Melody memutar bola matanya malas. “Gimana nanti.”
“Nggak usah keras kepala. Di sini gua minta kerja samanya aja, sama-sama sebagai korban.”
Melody menghela napas panjang, sebelum akhirnya mau tidak mau dia mengangguk setuju.
***
“Lo mau gua peluk atau lo pegang tangan gua?”
“Dih! Ogah! Nggak mau dua-duanya!”
“Kerja sama, Mel. Nanti yang nyambut kita di pintu masuk pasti Om gua. Percaya deh!”
Melody memutar bola matanya, dengan terpaksa dia mengaitkan lengannya di antara lengan Nada. Berlagak romantis untuk kencan buta malam ini dan demi kerja sama untuk terlihat baik-baik saja di depan adik dari Dodi itu.
Meski Melody tidak yakin, apa yang dikatakan Nada itu benar, atau hanya tipu dayanya saja? Demi mengambil kesempatan dalam kesempitan?

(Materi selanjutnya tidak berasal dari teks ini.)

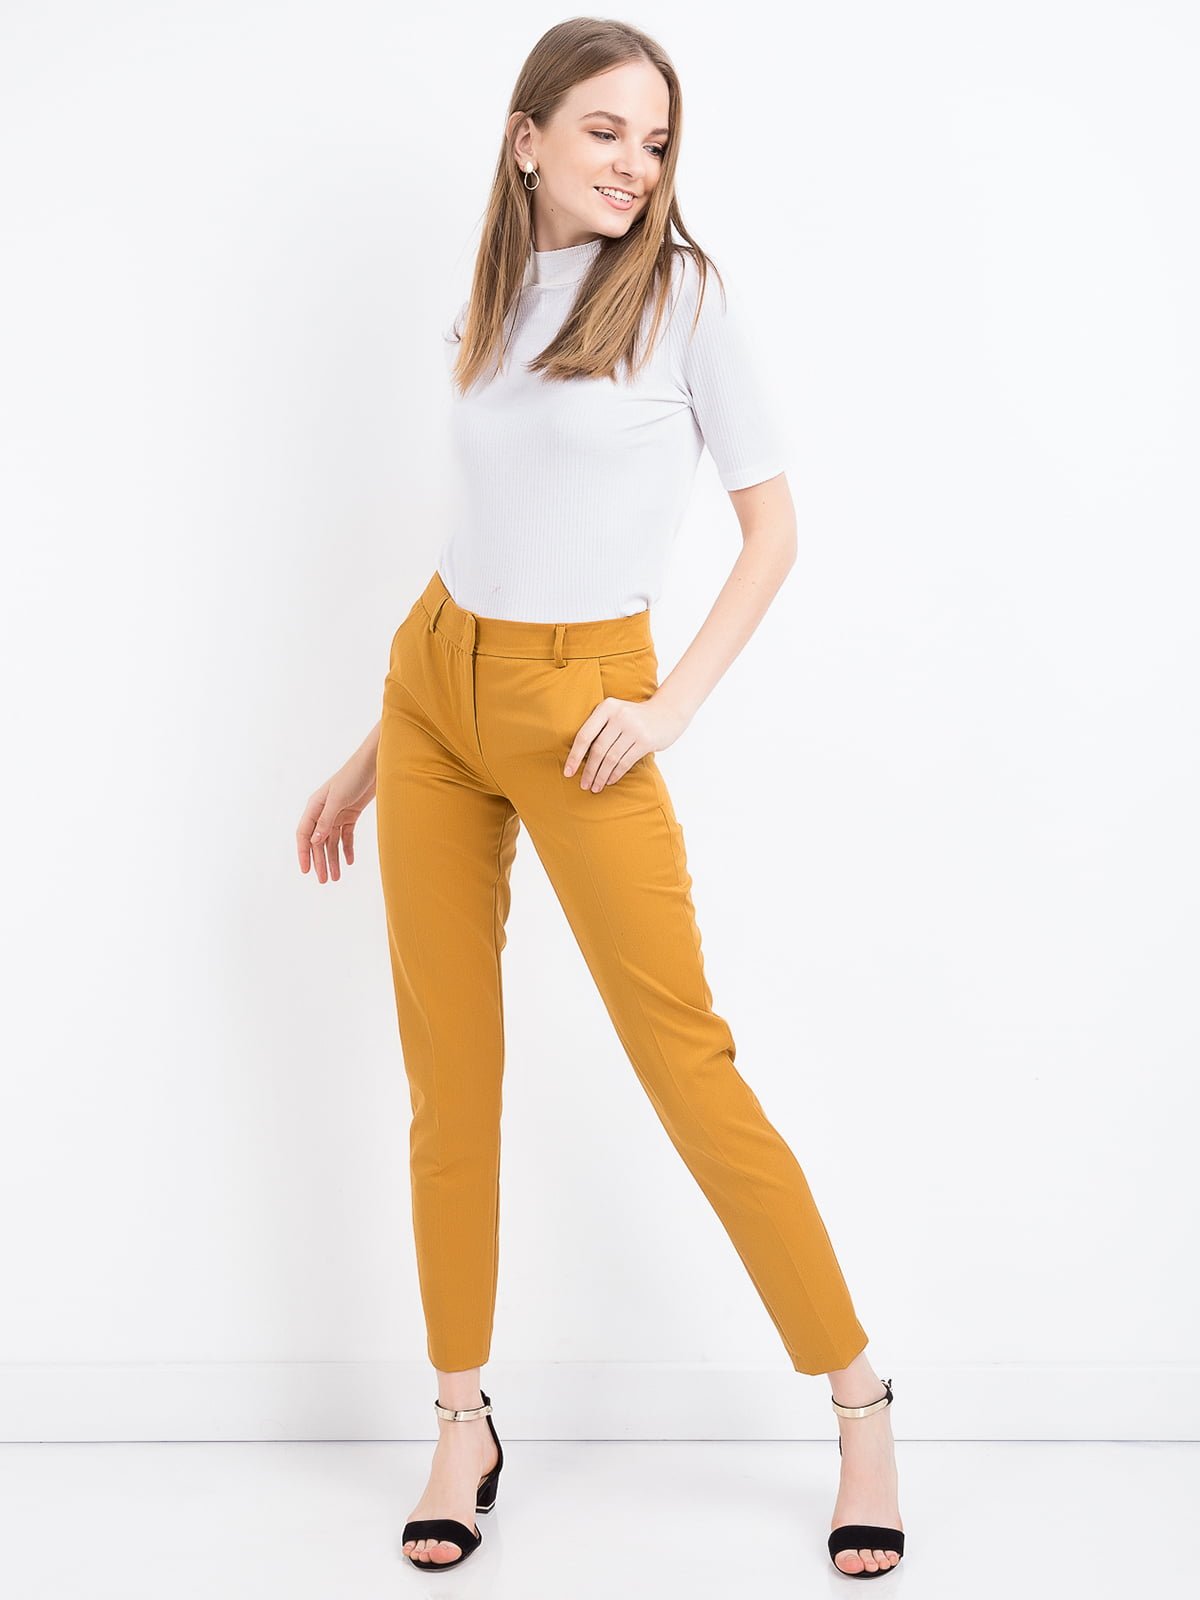 Mustard pants » Wallpapers and Images

Entah! Demi cari aman, dia menurut.
Mereka berjalan mendekat sampai tiba di depan pintu masuk restoran. Benar apa yang dikatakan Nada, terlihat laki-laki sedikit paruh baya berdiri di sana dan dari kejauhan tersenyum untuk menyambut mereka berdua. Saat sudah semakin dekat, laki-laki itu menyapa;
“Selamat malam, Nada. Apa kabar?”
“Baik, Om, baik,” mereka berjabat tangan dan tersenyum. “Om sendiri gimana?”
“Baik juga, Nad...” laki-laki itu berpaling menatap Melody. “Ini Melody?”

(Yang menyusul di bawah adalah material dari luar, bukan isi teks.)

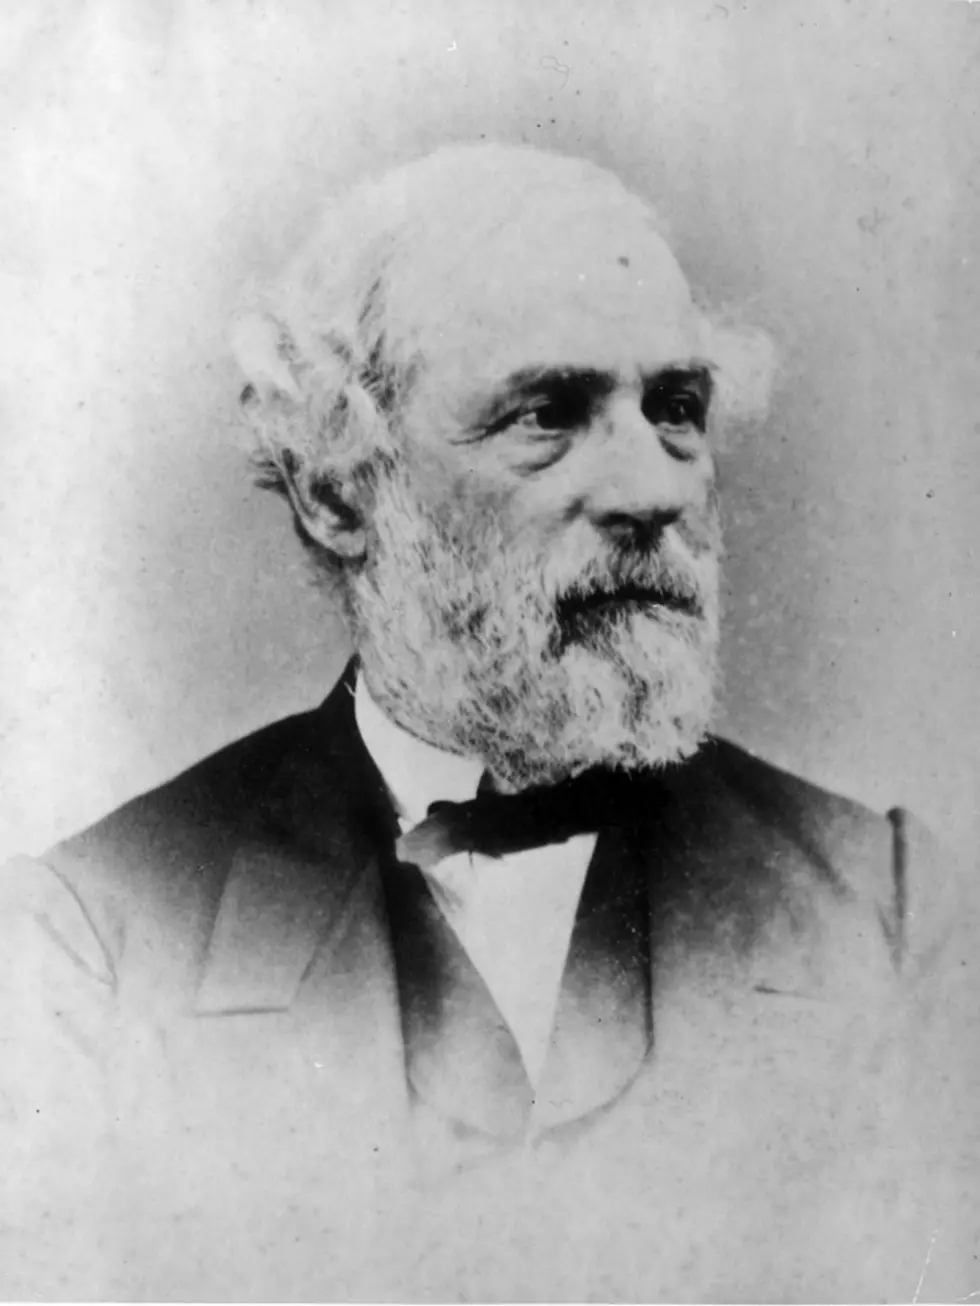 East Texans Calling For High School Named After Robert E. Lee To Be Renamed

Melody tersenyum seramah mungkin untuk menunjukkan kesan pertama pertemuan. “Iya, Om. Saya Melody.”
“Kenalkan, saya Diki, adik dari Papanya Nada,” Diki tersenyum ramah, menjulurkan tangannya untuk bersalaman dengan Melody. Gadis itu membalas uluran tangan Diki. “Ya sudah kalau gitu, mari masuk. Om sudah siapkan tempat istimewa untuk kalian berdua.”

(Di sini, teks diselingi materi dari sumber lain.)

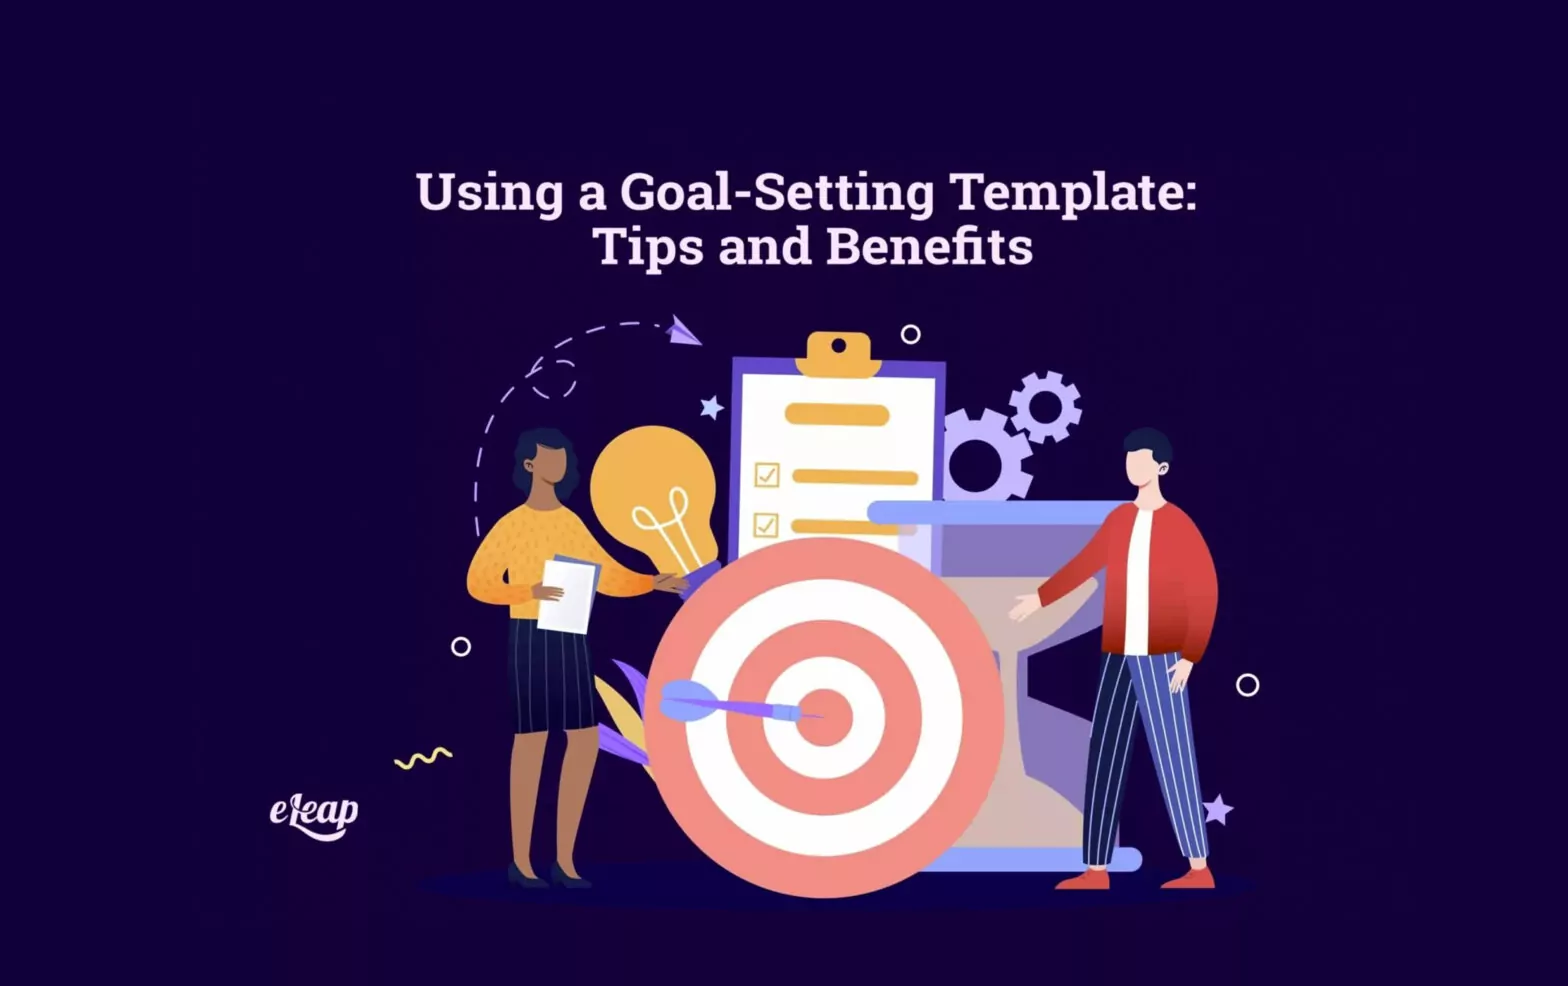 Using a Goal-Setting Template: Tips and Benefits

“Duh, jadi ngerepotin, Om,” kata Nada kikuk sambil mengusap tengkuknya. Dia merasa malu juga, apalagi konteksnya saat ini bisa dibilang yang Nada dan Melody lakukan adalah sebuah drama.
“Nggak, Nada. Ayo mari.”
Diki berjalan, Nada dan Melody mengekor.
Suara ketukan high heels Melody menggema, menciptakan suara dramatis di restoran yang masih sepi pengunjung. Sorotan mata tertuju ke arah Melody, saat gadis itu berjalan dengan sedikit dagu yang terangkat bak seperti model yang berjalan di red carpet. Melody mengibaskan rambutnya, justru semakin menjadi-jadi menampakkan pesonanya di hadapan pengunjung restoran. Dia mengitari pandangan dan menangkap pusat perhatian orang-orang tertuju padanya, apalagi para laki-laki yang seakan terkesima dengan penampilan Melody.
Hingga sampai di suatu ruangan privat, desain elegan dengan warna emas mendominasi menciptakan kesan hangat untuk siapa pun yang berada di ruangan itu. Lampu yang redup dengan suasana klasik namun menyimpan kesan romantis.
Bunga mawar tersusun rapi di setiap sudut ruangan, meja dan kursi yang sudah dihias sedemikian rupa menambah kesan lebih hidup. Di atas meja, terdapat lilin apung dengan aroma relaksasi menenangkan dan vas bunga mini malis dengan dua tangkai mawar merah.
“Silakan, ini ruangan khusus kalian.”
Nada tersenyum. Sementara Melody tidak.